Subject: Re: Processing large XML Documents [> 50MB]
From: Michael Ludwig <milu71@xxxxxx>
Date: Tue, 23 Feb 2010 00:51:01 +0100
|
Ramkumar Menon schrieb am 22.02.2010 um 15:40:47 (-0800):
> We have a need to process XML Documents that could be over 50 megs in
> size.
>
> Due to the huge size of the document, XSLT is getting tough, with the
> environment we are running in.
>
> Basically, the nature of the data procesing are
>
> a) assemble around 30-40 XML documents [each with a common header and
> its own lines] into one single XML document, with the common header
> and all the lines b) Update the assembled document in specific
> locations c) generate multiple XML document fragments from the huge
> XML document based on query criteria. Each XML frgment is created by
> mapping specific fields in the big document.
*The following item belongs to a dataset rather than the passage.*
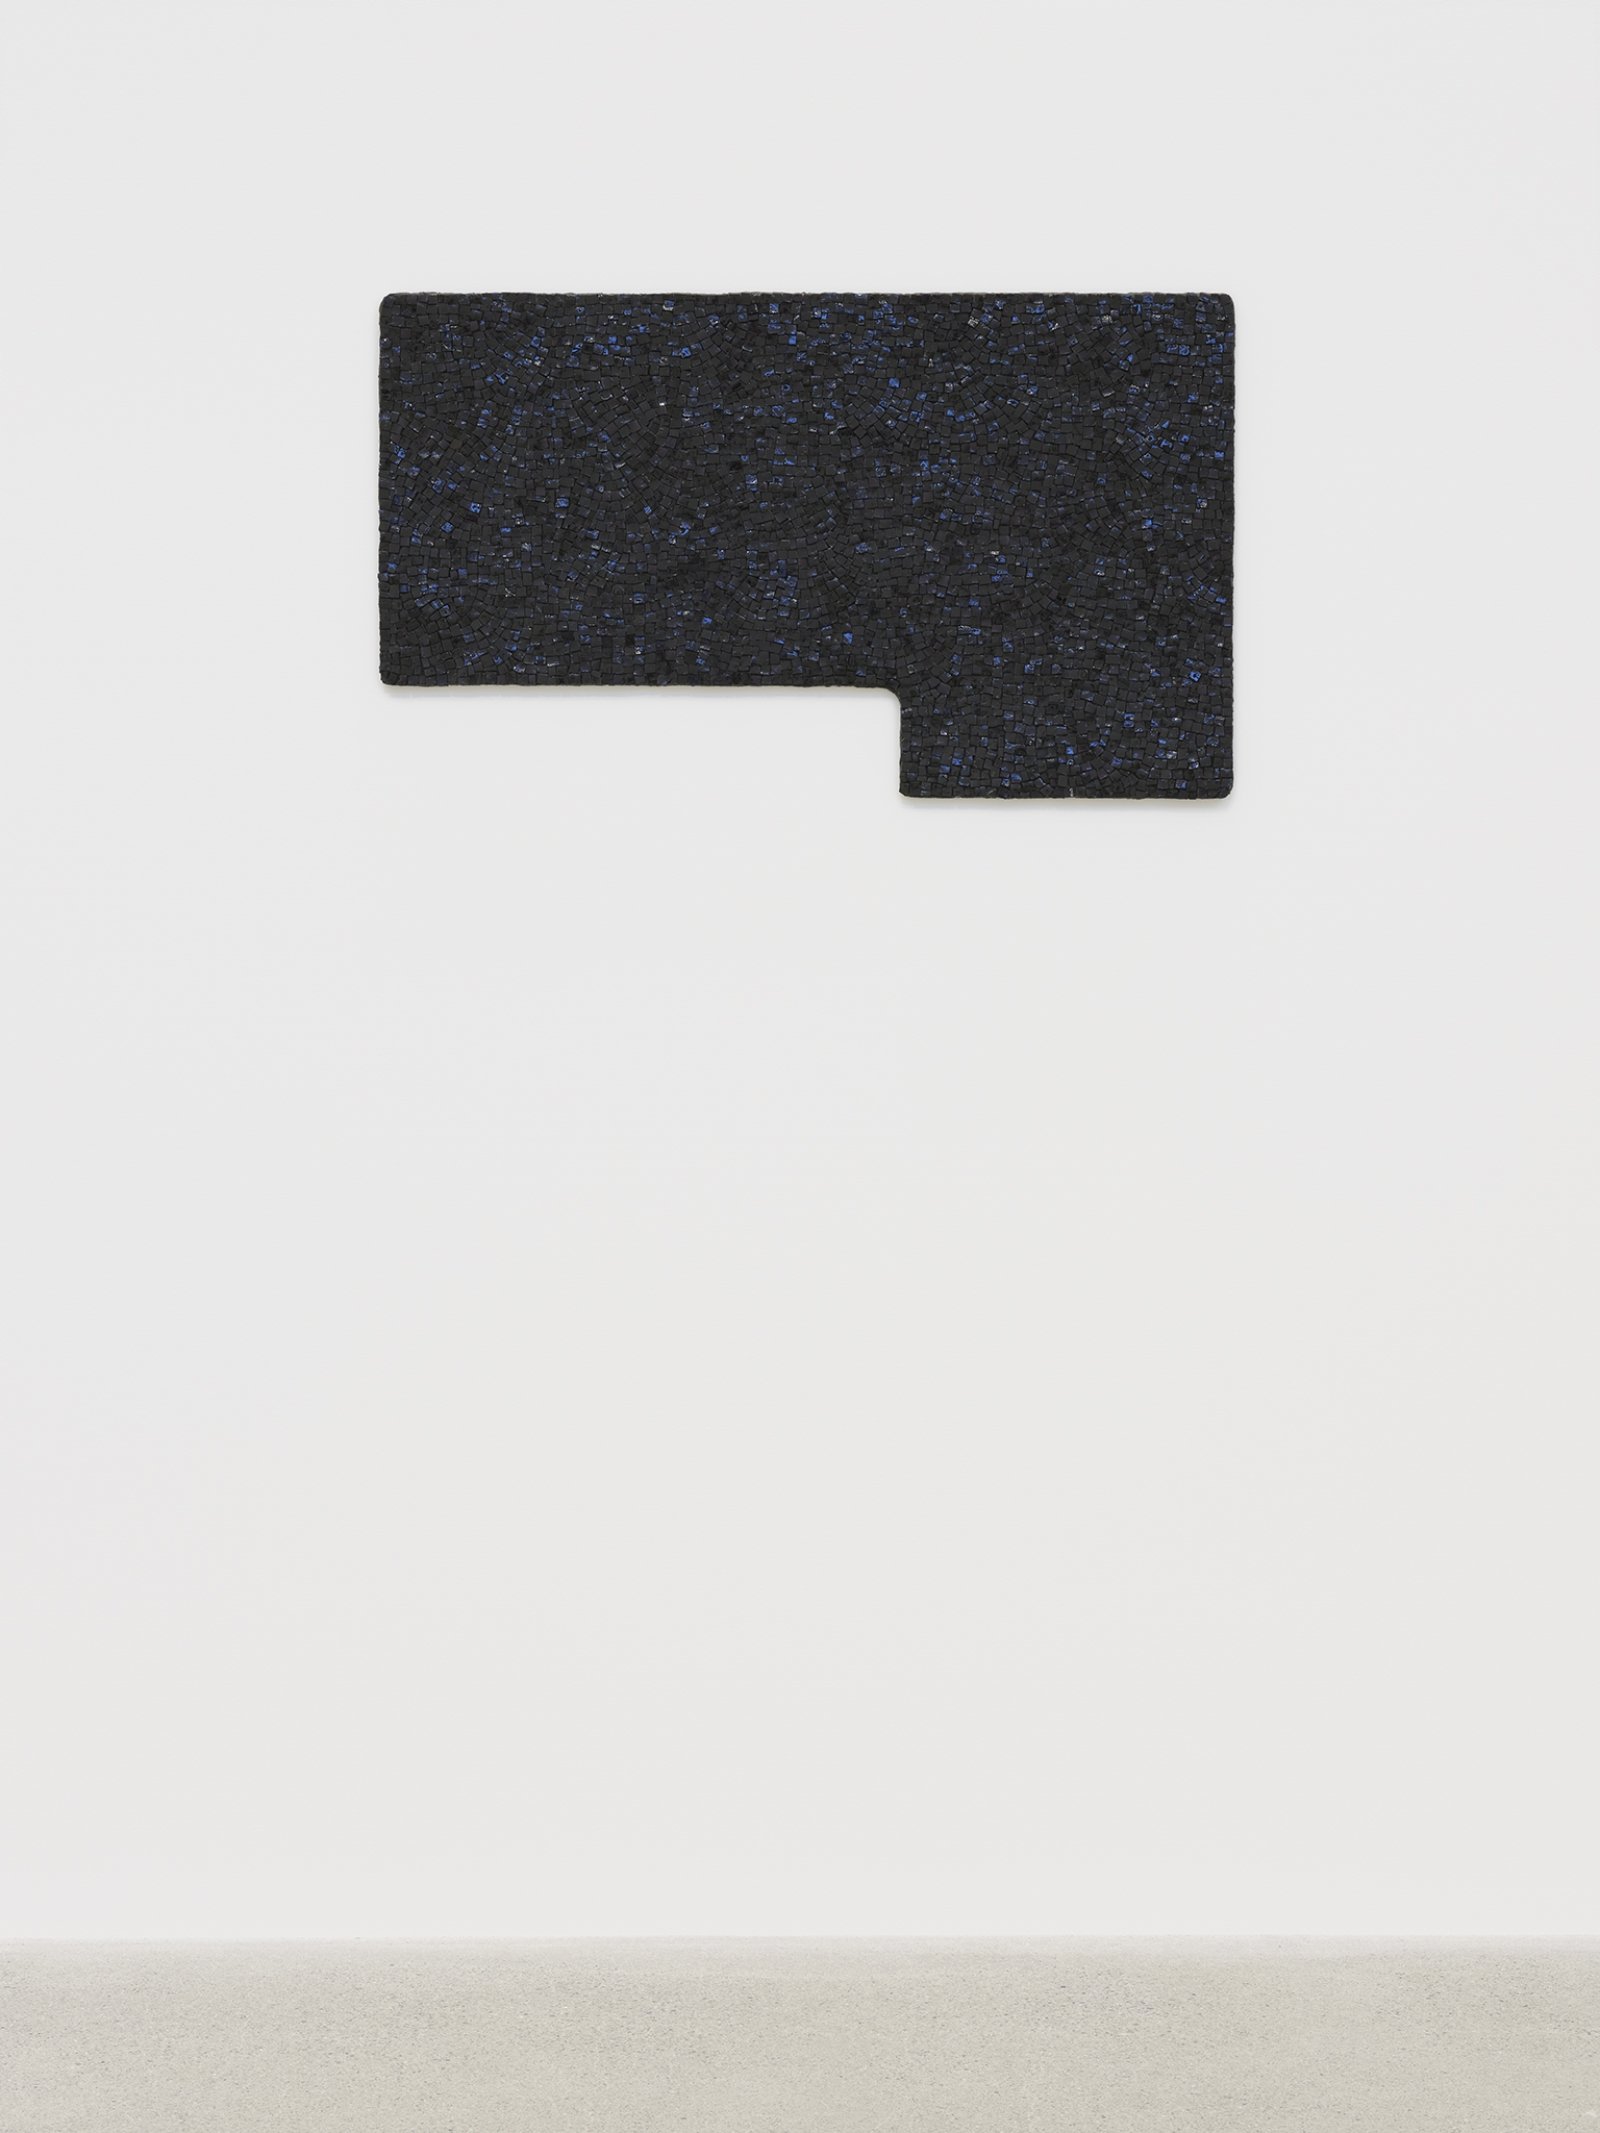 Janice Kerbel, Pool (Full L, black), 2019, glass smalti mosaic, 33 x 20 in. (83 x 50 cm)
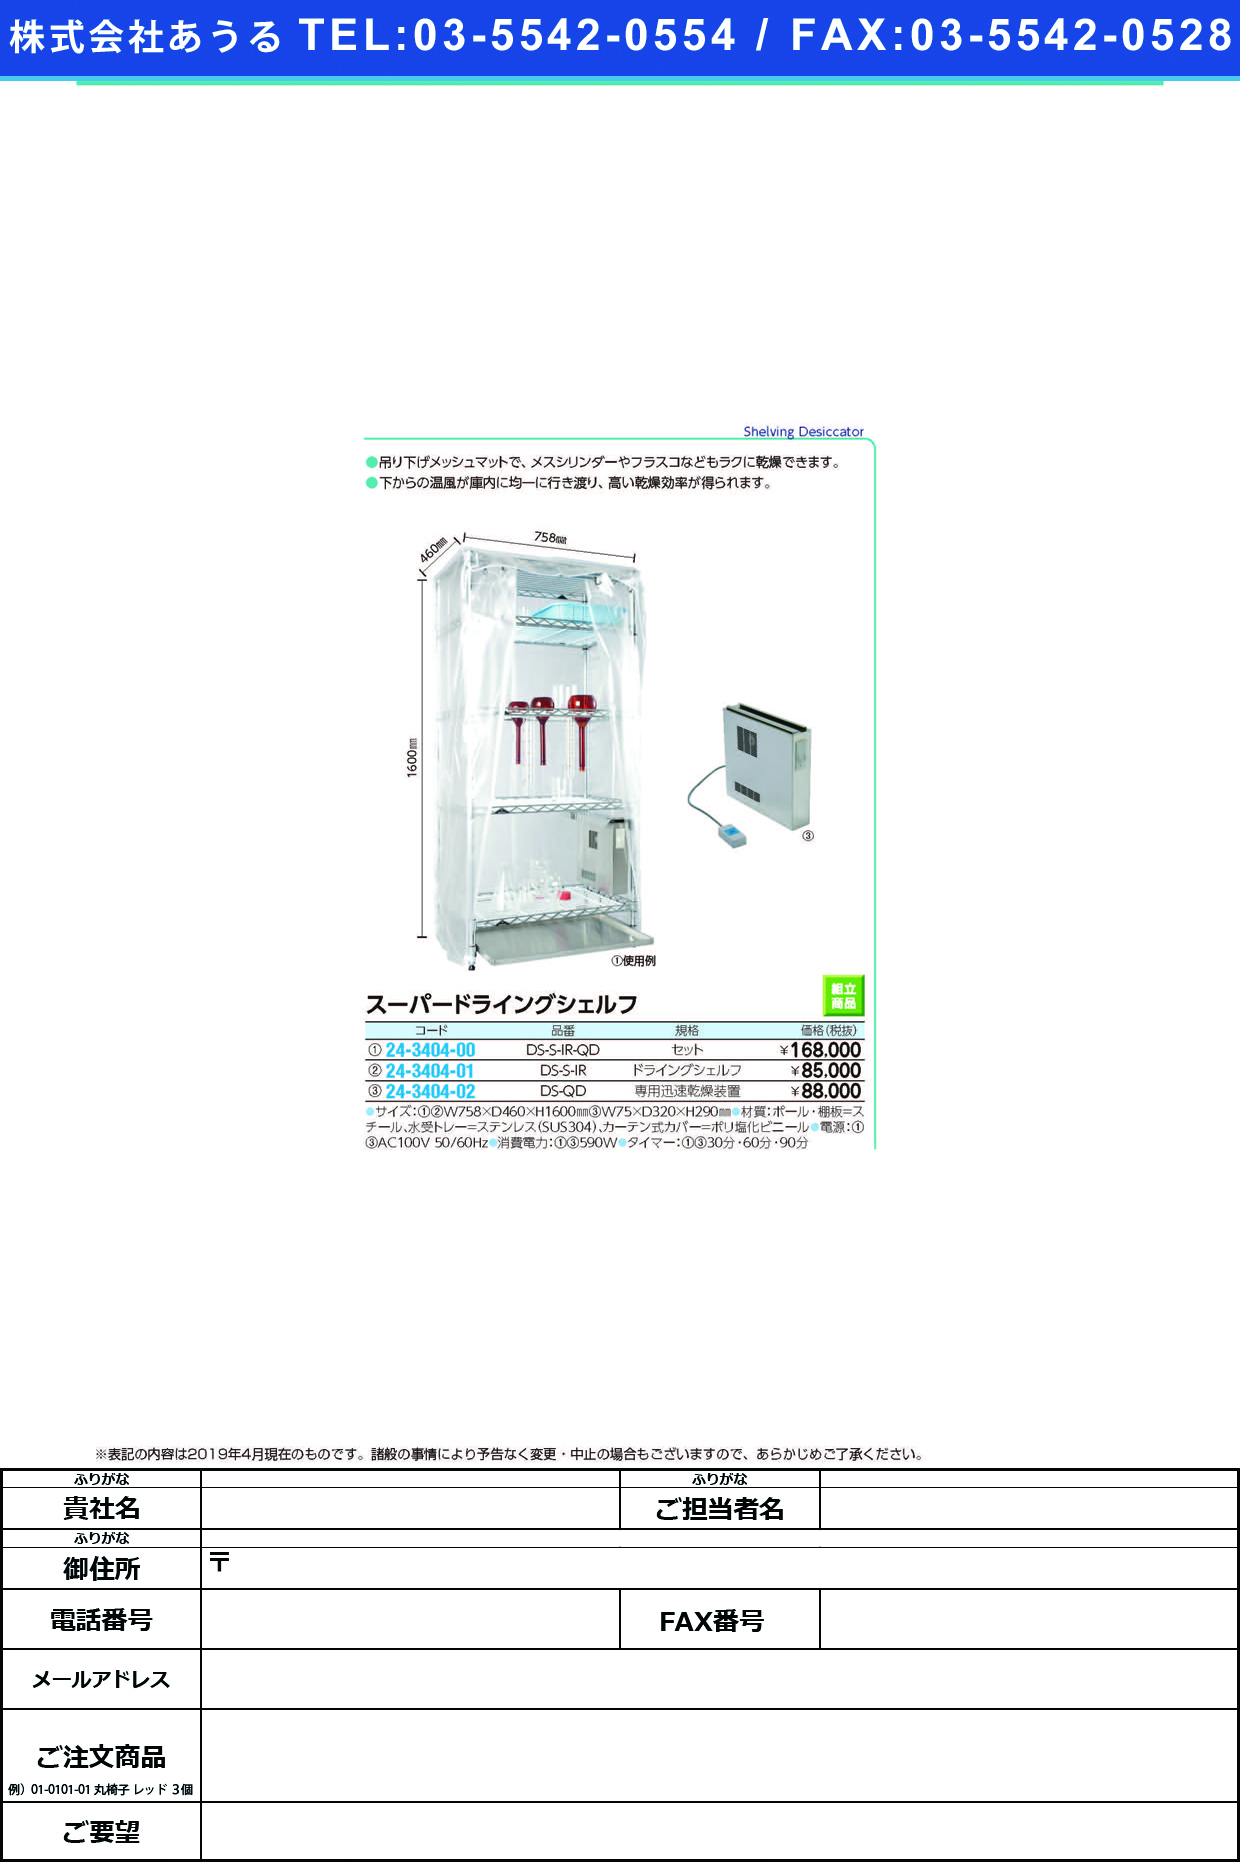 (24-3404-02)ドライングシェルフ用迅速乾燥装置 DS-QD ｽｰﾊﾟｰﾄﾞﾗｲﾝｸﾞｼｪﾙﾌ【1台単位】【2019年カタログ商品】

Each document is created
> for a specific key element value in the huge document.
>
> Am puzzled how to handle this one efficiently.
* Saxon streaming extension
http://www.saxonica.com/documentation/sourcedocs/serial.html
* an XML database and XQuery (Berkeley DB XML, eXist, MarkLogic, others)
* SAX filters (might easily get way too complicated, or even impossible)
|